Why is early diagnosis and treatment important?
The diagnosis and early treatment of Herpes Zóster are fundamental to prevent complications and reduce the risk of postherpetic neuralgia.
Benefits of early treatment:
- Accelerate healing.
- Reduce the intensity and duration of pain.
- Avoid complications in high -risk patients, such as older people, immunosuppressed or with comorbidities.
If you present symptoms such as localized pain and skin rashes, consult a doctor as soon as possible to receive proper treatment.
Herpes Zóster is a disease that can affect anyone who has had chickenpox, but their incidence increases with age and in immunosuppressed people. Clinical diagnosis and early treatment are key to reducing the risk of complications and improving the patient’s quality of life.
If you have herpes zoster symptoms or belong to a risk group, in Viamed we can help you with adequate diagnosis and treatment. Consult our specialists.
Frequently asked questions about herpes zoster
Is Herpes Zóster contagious?
It is not transmitted as such. However, vesicle fluid can spread chickenpox To people who have not passed it or are vaccinated. Keep the lesions covered until they dry.
How long does Herpes Zóster last?
Usually between 2 and 4 weeks. Pain can persist more time in some patients, especially if postherpetic neuralgia appears.

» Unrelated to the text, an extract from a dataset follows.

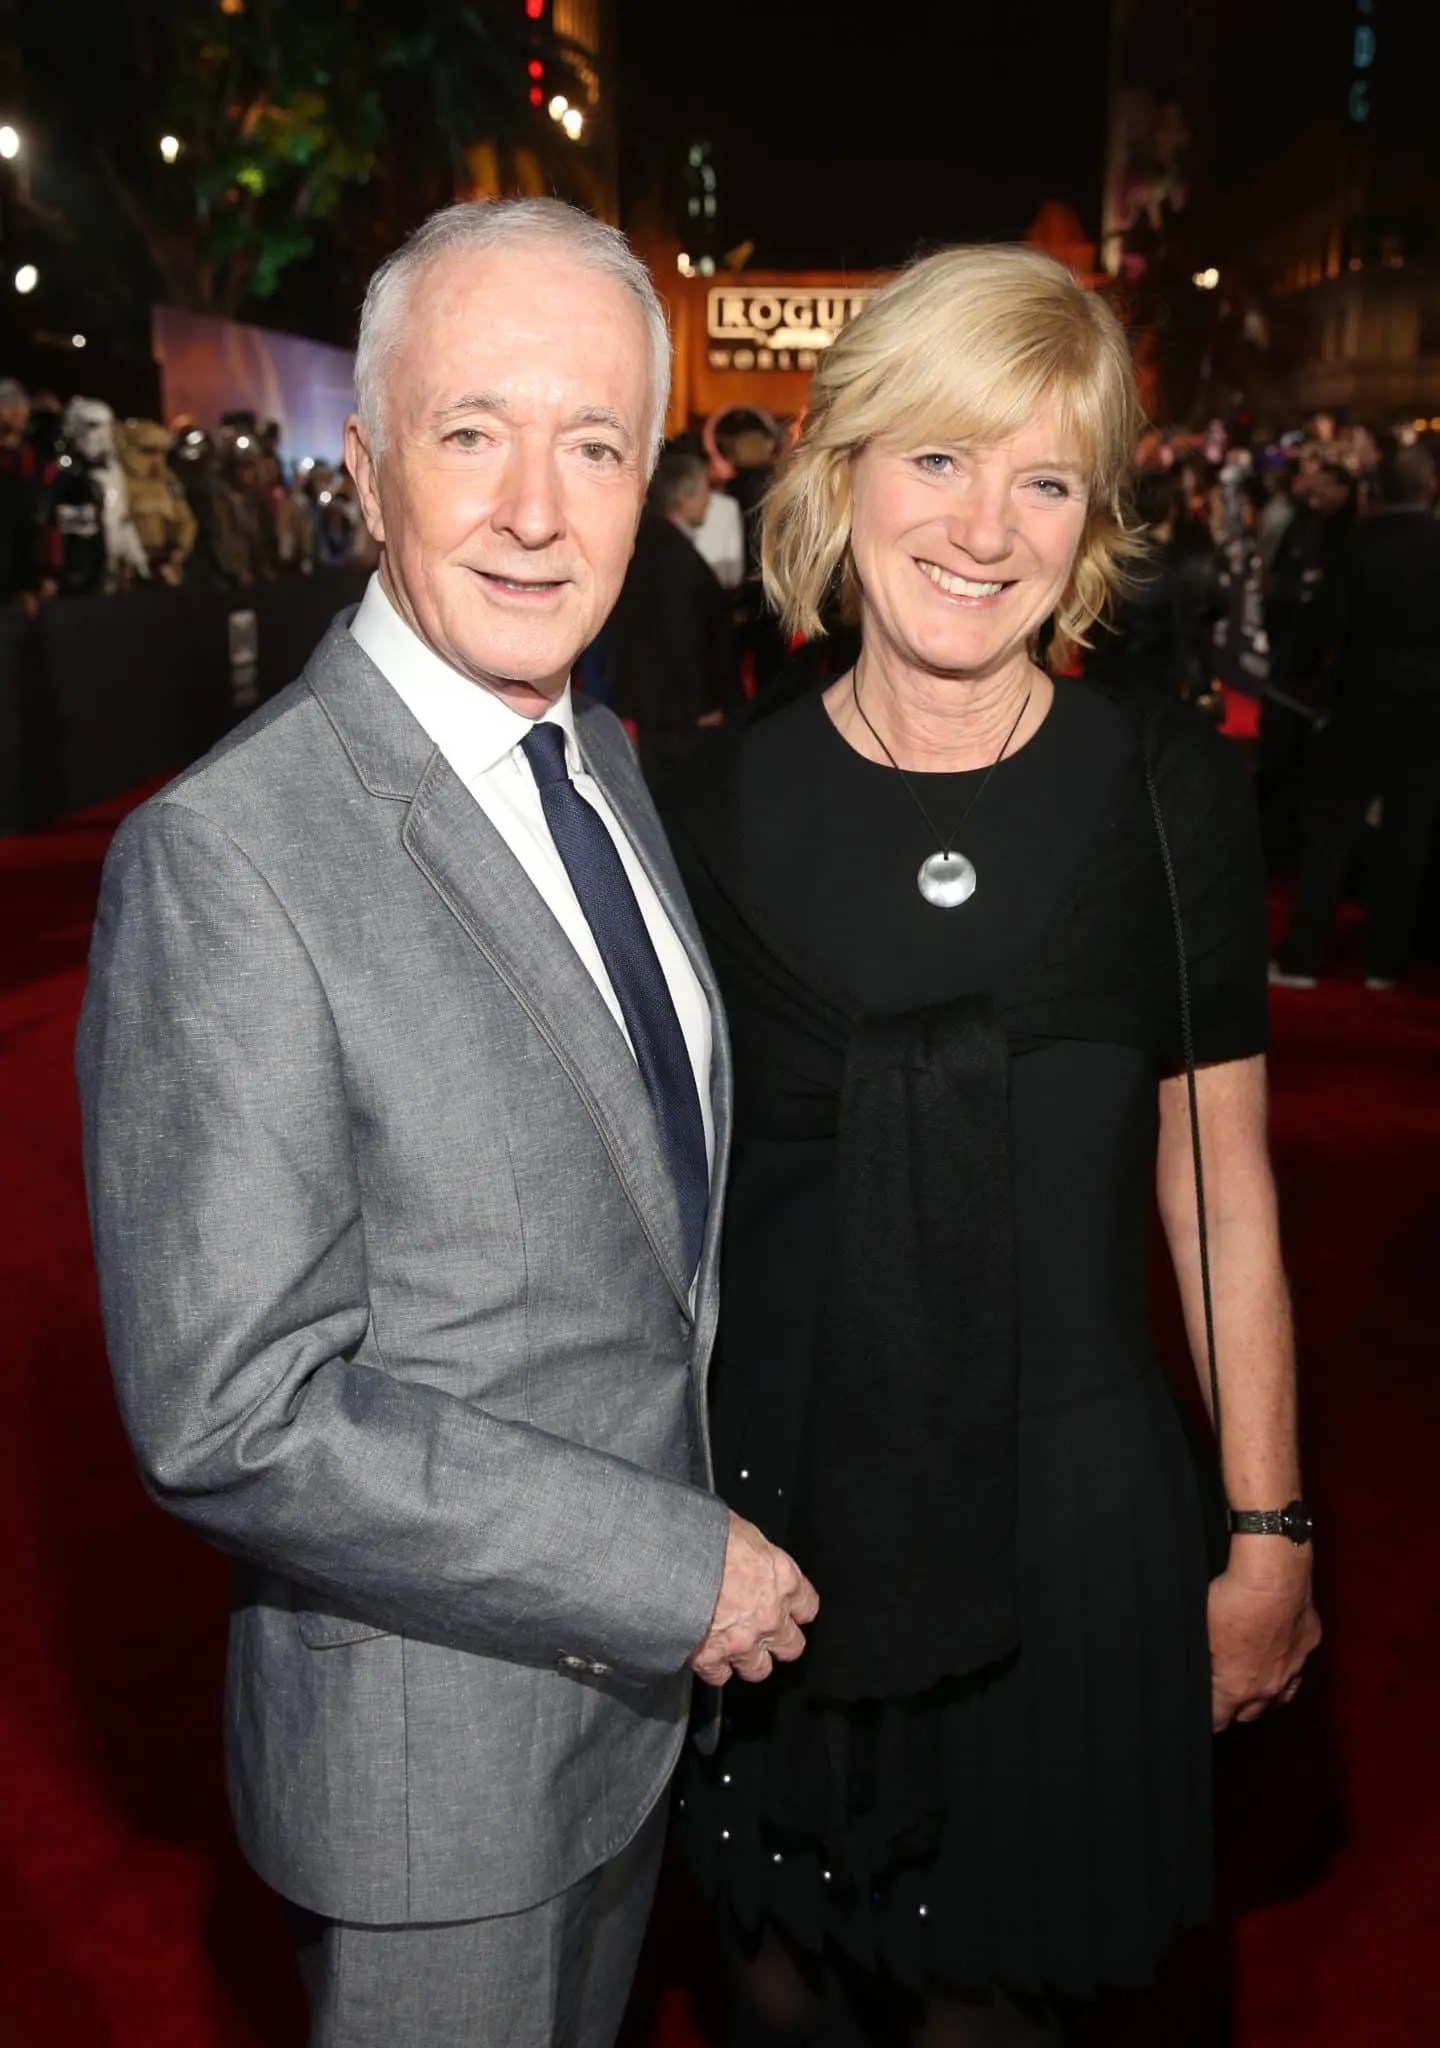 HOLLYWOOD, CA - DECEMBER 10:  Actor Anthony Daniels and Christine Savage attend The World Premiere of Lucasfilm's highly anticipated, first-ever, standalone Star Wars adventure, "Rogue One: A Star Wars Story" at the Pantages Theatre on December 10, 2016 in Hollywood, California.  (Photo by Jesse Grant/Getty Images for Disney) *** Local Caption *** Anthony Daniels; Christine Savage

When should I go to the doctor?
Faced with pain located with tingling or burning and eruption in a side of the body, face or neck. Antiviral treatment is more effective if it starts early.
What is postherpetic neuralgia?
It is a persistent pain that can last more than a month after the healing of the skin. It is more frequent from the age of 60 and may require analgesics, tricyclic antidepressants or antiepileptic drugs.
How is Herpes Zóster in an acute phase?
With oral antivirals (eg, acyclovir, valacyclovir, family or brivudine) initiated soon, staggered analgesia and care of injuries to avoid secondary infections.
Can Herpes Zóster be prevented?
There are vaccines that reduce the risk of zoster herpes and complications such as postherpetic neuralgia, especially recommended in older people.